16

I have a DataFrame containing Chicago addresses which I've geocoded into latitude and longitude values, and then into Point objects (making the DataFrame a GeoDataFrame). A small fraction have been incorrectly geocoded with LatLong values outside of Chicago. I have a shapefile for Chicago's boundary (GeoDataFrame), I want to select all rows where the Points are outside of Chicago's boundary polygon.

It would be easy to select all points within the polygon (via geopandas sjoin function), but I haven't found a good way to select the points not within the polygon.

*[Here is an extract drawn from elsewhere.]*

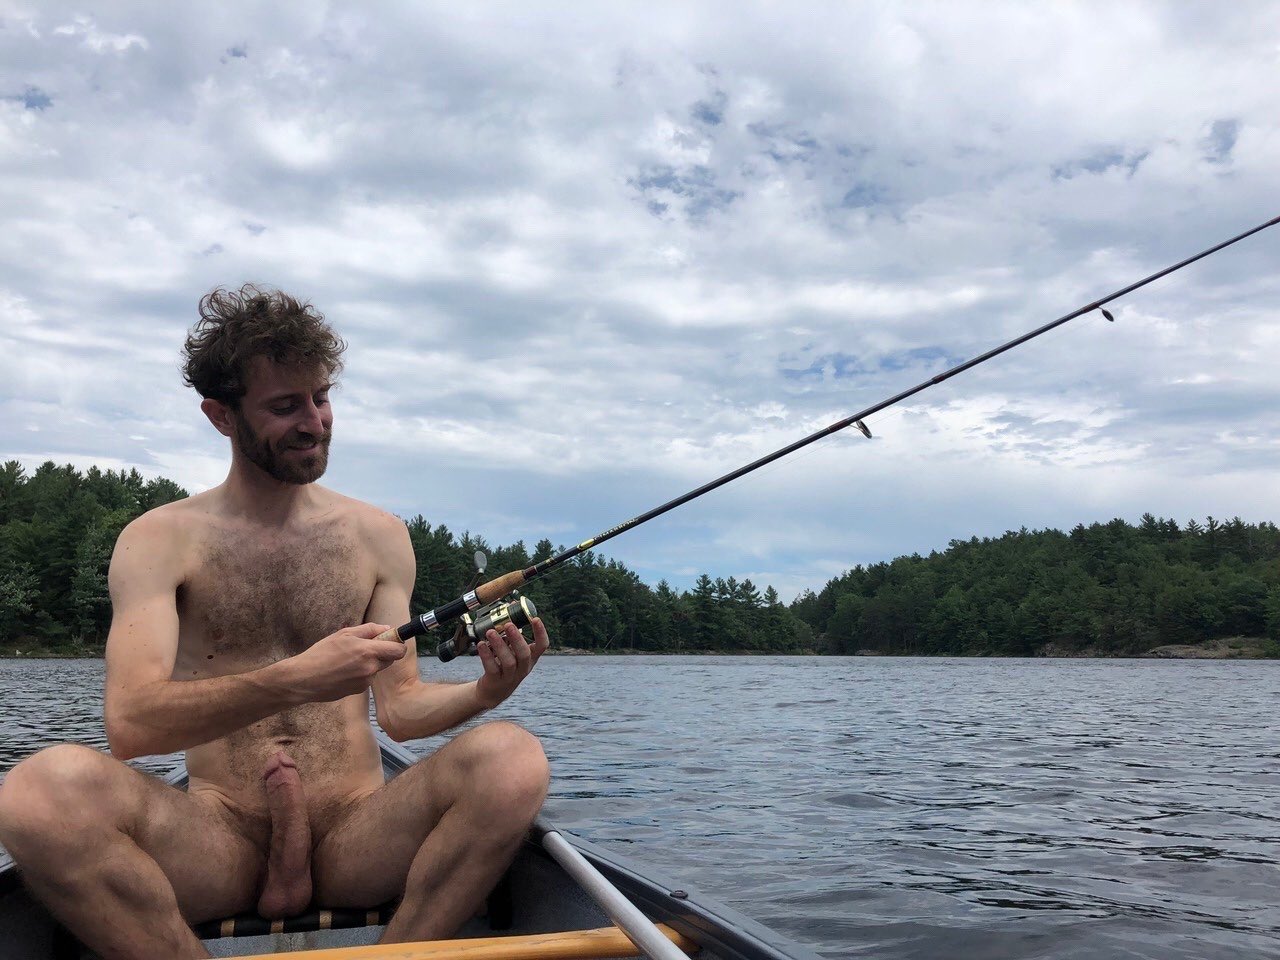 Who wants to join me for some fishing?

Does one exist?

MattTriano
  • 1,532
  • 2
  • 16
  • 15

1 Answers1

19

If you convert the Chicago boundary GeoDataFrame to a single polygon, eg with:

chicago = df_chicago.geometry.unary_union

then you can use boolean filtering with the within operator to select points within and outside of Chicago:

within_chicago = df[df.geometry.within(chicago)]
outside_chicago = df[~df.geometry.within(chicago)]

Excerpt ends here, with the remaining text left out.